Throughout the allegations, Bill Gates has consistently denied that he mistreated anyone or behaved inappropriately toward women. Yet, to Natasha Lamb’s point, the allegations against him weren’t exactly news. Despite his public persona as a computer nerd or a soft-spoken philanthropist, Gates has always been a hard-driving alpha male. At Microsoft, he constantly tested the mettle of his subordinates with screaming matches, racked up speeding tickets driving his Porsche recklessly, and had long (allegedly) viewed the workplace as his sexual playground. Most of us, for example, have lost track of the fact that Melinda French Gates was once Gates’s subordinate at Microsoft. And she wasn’t the only employee with whom Gates reportedly had a relationship. In the early 1990s, the news media reported his having an “on-again, off-again romance with a product manager in Microsoft’s marketing division” and several dates with a “low-level employee in Microsoft’s information center.”

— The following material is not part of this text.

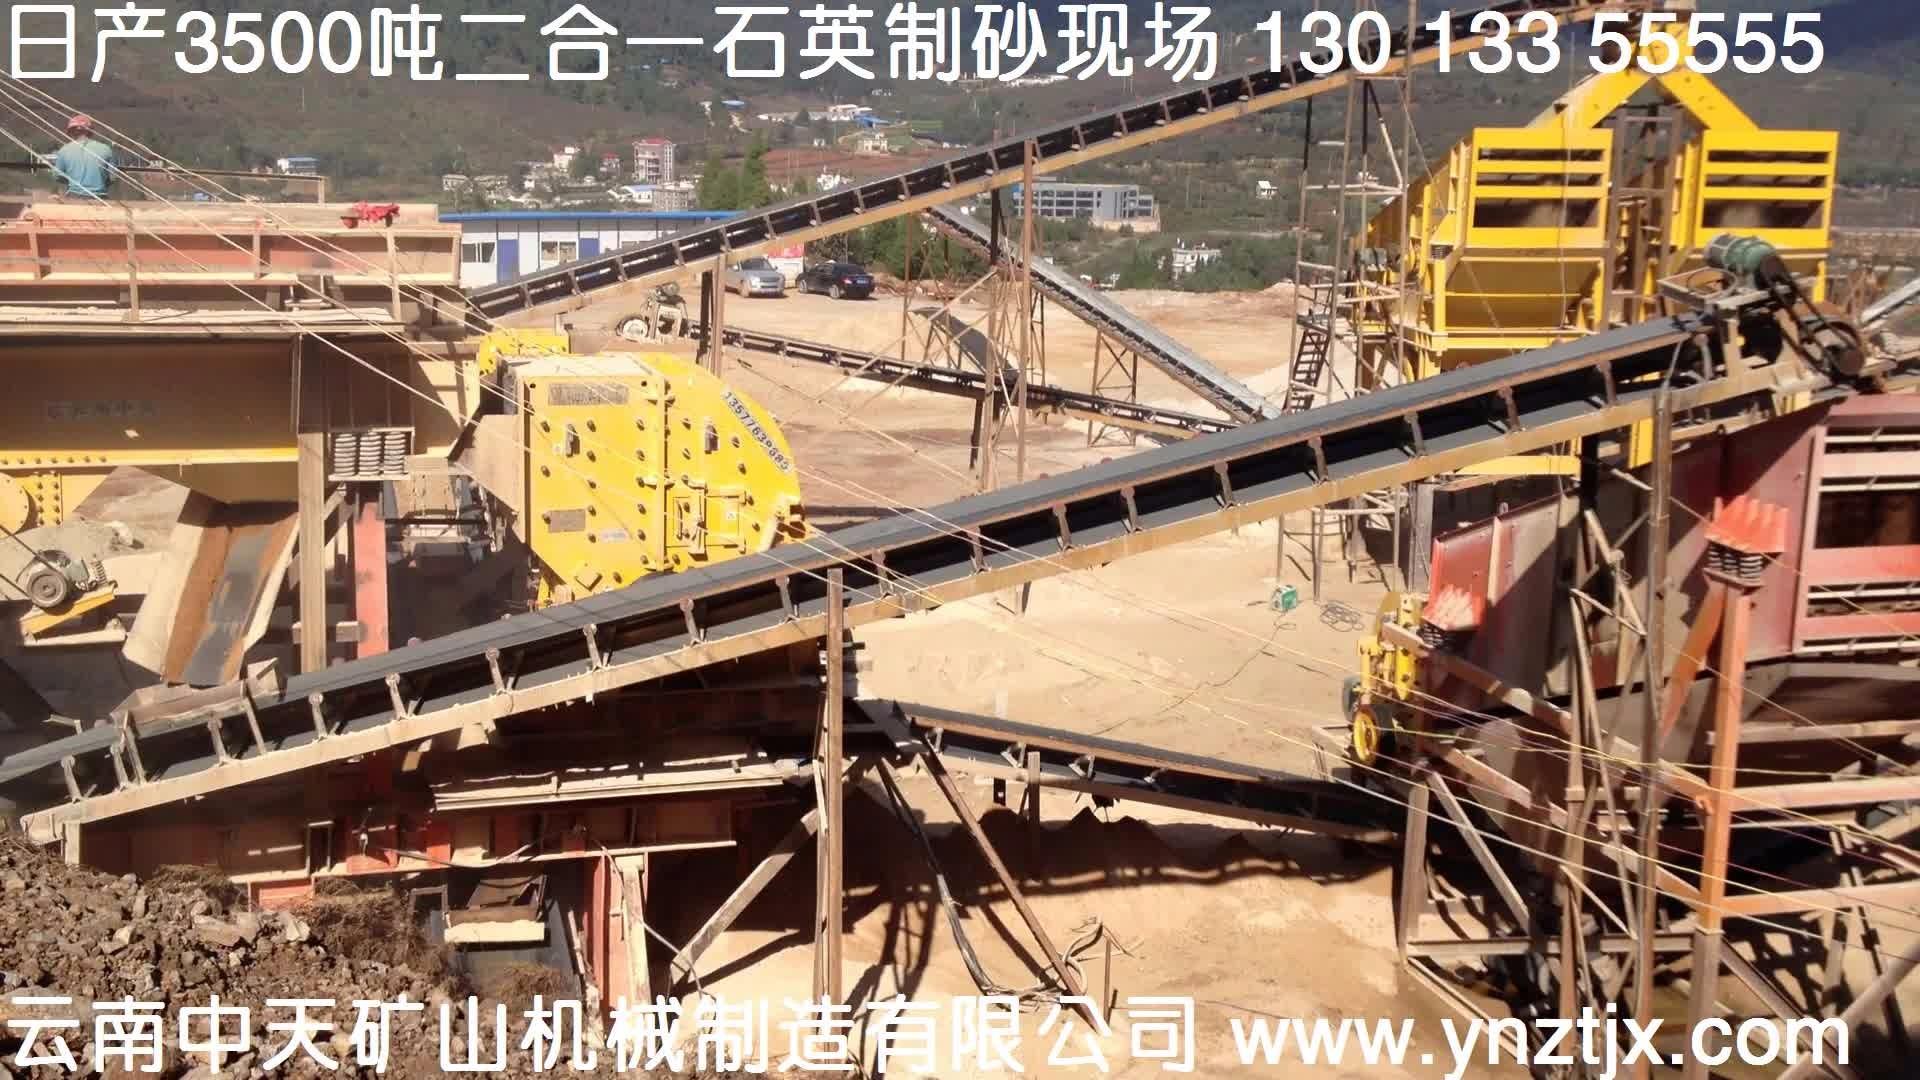 云南日产3500吨3台manbetx官网电脑版制砂生产线现场一

Under Gates’s leadership, Microsoft also developed a corporate reputation for questionable conduct toward women. According to the book Hard Drive: Bill Gates and the Making of the Microsoft Empire, in the company’s earliest days, women were paid hourly wages—unlike men, who were salaried. When the women in the office asked for back pay for all the overtime hours Gates had pushed them to work, he refused. They filed a complaint with the state, prompting Gates to throw a tantrum; he screamed so violently that his face turned purple. And the company, allegedly, didn’t hire its first female executives until it had to—to win a government contract that had affirmative action provisions requiring gender representation in the workforce. According to an anonymous Microsoft source quoted in Hard Drive, “They would say, ‘Well, let’s hire two women because we pay them half as much as we will have to pay a man, and we can give them all this other “crap” work to do because they are women.’ That’s directly out of Bill’s mouth.” The source added, “I thought it was surprising that he wasn’t more sensitive to the issue.”
In 2021, Maria Klawe went public about her service on Microsoft’s board, between 2009 and 2015, saying Bill Gates was consistently hostile toward any suggestion of diversity, including the idea of opening up the company to women: “‘Are you trying to effing destroy the company?’” she recounts him asking her. “They had launched a press release saying how I would help them bring more women … to help diversify Microsoft,” Klawe told me. “And then when one actually suggested doing something [on the board], it was like absolutely zero openness from Bill.”
Klawe sees the same contradictions in Gates’s leadership at the Gates Foundation, describing him as “living a double life”: “There’s the person he projects as the leader he wants to be seen as, helping make the world a better place. And then in his day-to-day interactions, he treats women without respect.” Klawe has said that “the work that the Gates Foundation has done in supporting poor women in Africa and many other parts of the world, it’s obvious to me that that’s not a priority for him, but he’s willing to be videotaped saying it’s a priority for him.”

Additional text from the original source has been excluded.